An Archive of Early Microsoft KnowledgeBase Articles

View on GitHub

Q102716: User Authentication with Windows NT

Article: Q102716
Product(s): Microsoft Windows NT
Version(s): WinNT:3.1
Operating System(s): 
Keyword(s): kbother
Last Modified: 08-AUG-2001

-------------------------------------------------------------------------------
The information in this article applies to:

- Microsoft Windows NT Server version 3.1 
- Microsoft Windows NT Workstation version 3.1 
- Microsoft Windows NT Advanced Server, version 3.1 
- Microsoft Windows NT Workstation versions 3.51, 4.0 
- Microsoft Windows NT Server versions 3.51, 4.0 
-------------------------------------------------------------------------------

SUMMARY
=======

This article discusses the following aspects of user authentication:

- Storage of the Passwords in the SAM Database

- User Authentication by the MSV1_0 Authentication Package

- Pass-Through Authentication

MORE INFORMATION
================

Storage of the Passwords in the SAM Database
--------------------------------------------

User records are stored in the security accounts manager (SAM) database. Each
user has two passwords with which it is associated: the LAN Manager compatible
password and the Windows NT password. Each password is stored doubly encrypted
in the SAM database. The first encryption is a one-way function (OWF) version of
the clear text generally considered to be non-decryptable. The second encryption
is an encryption of the user's relative ID (RID). The second encryption is
decryptable by anyone who has access to the double-encrypted password, the
user's RID, and the algorithm. The second encryption is used for obfuscation
purposes.

The LAN Manager compatible password is 100 percent compatible with the password
used by LAN Manager. It is based on the original equipment manufacturer (OEM)
character set, not case sensitive (enforced by upper casing before encryption),
and up to 14 characters long. The OWF version (called the LAN Manager OWF or
ESTD version) of the password is computed by encrypting a constant with the
clear text password using DES encryption. The LAN Manager OWF password is 16
bytes long. The first 7 bytes of the clear text password are used to compute the
first 8 bytes of the LAN Manager OWF password. The second 7 bytes of the clear
text password are used to computer the second 8 bytes of the LAN Manager OWF
password.

The Windows NT password is based on the Unicode character set, is case sensitive,
and can be up to 128 characters long. The OWF version (called the Windows NT OWF
password) is computed using the RSA MD-4 encryption algorithm, which computes a
16-byte "digest" of a variable length string of clear text password bytes.
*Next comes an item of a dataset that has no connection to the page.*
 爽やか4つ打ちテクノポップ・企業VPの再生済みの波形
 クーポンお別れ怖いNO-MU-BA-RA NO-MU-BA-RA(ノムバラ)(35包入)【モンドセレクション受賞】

Any particular user account might be missing either the LAN Manager or Windows NT
password, however, every attempt is made to maintain both versions of the
password. For instance, only the LAN Manager version of the password exists if
the user account was ported from a LAN Manager UAS database using PortUas or if
the password was changed from a LAN Manager or Windows for Workgroups client.
Only the Windows NT version of the password exists if the password is set or
changed from a Windows NT client and the password has no LAN Manager
representation (that is, it is longer than 14 characters or the characters
cannot be represented in the OEM character set). All the existing user interface
limits do not allow Windows NT passwords to exceed 14 characters. The
implications of this are discussed below.
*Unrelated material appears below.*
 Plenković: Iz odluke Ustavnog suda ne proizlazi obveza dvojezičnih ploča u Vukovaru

NOTE: Altering of the SAM database by any means, manually or programmatically, is
unsupported by Microsoft.

User Authentication by the MSV1_0 Authentication Package
--------------------------------------------------------

All user authentication in Windows NT occurs using the LsaLogonUser API.
LsaLogonUser actually authenticates users by calling an authentication package.
The default authentication package that comes with Windows NT is the MSV1_0
Authentication Package. The MSV Authentication Package uses the SAM database as
its database of users, and it supports pass-through authentication of users in
other domains by using the Netlogon service.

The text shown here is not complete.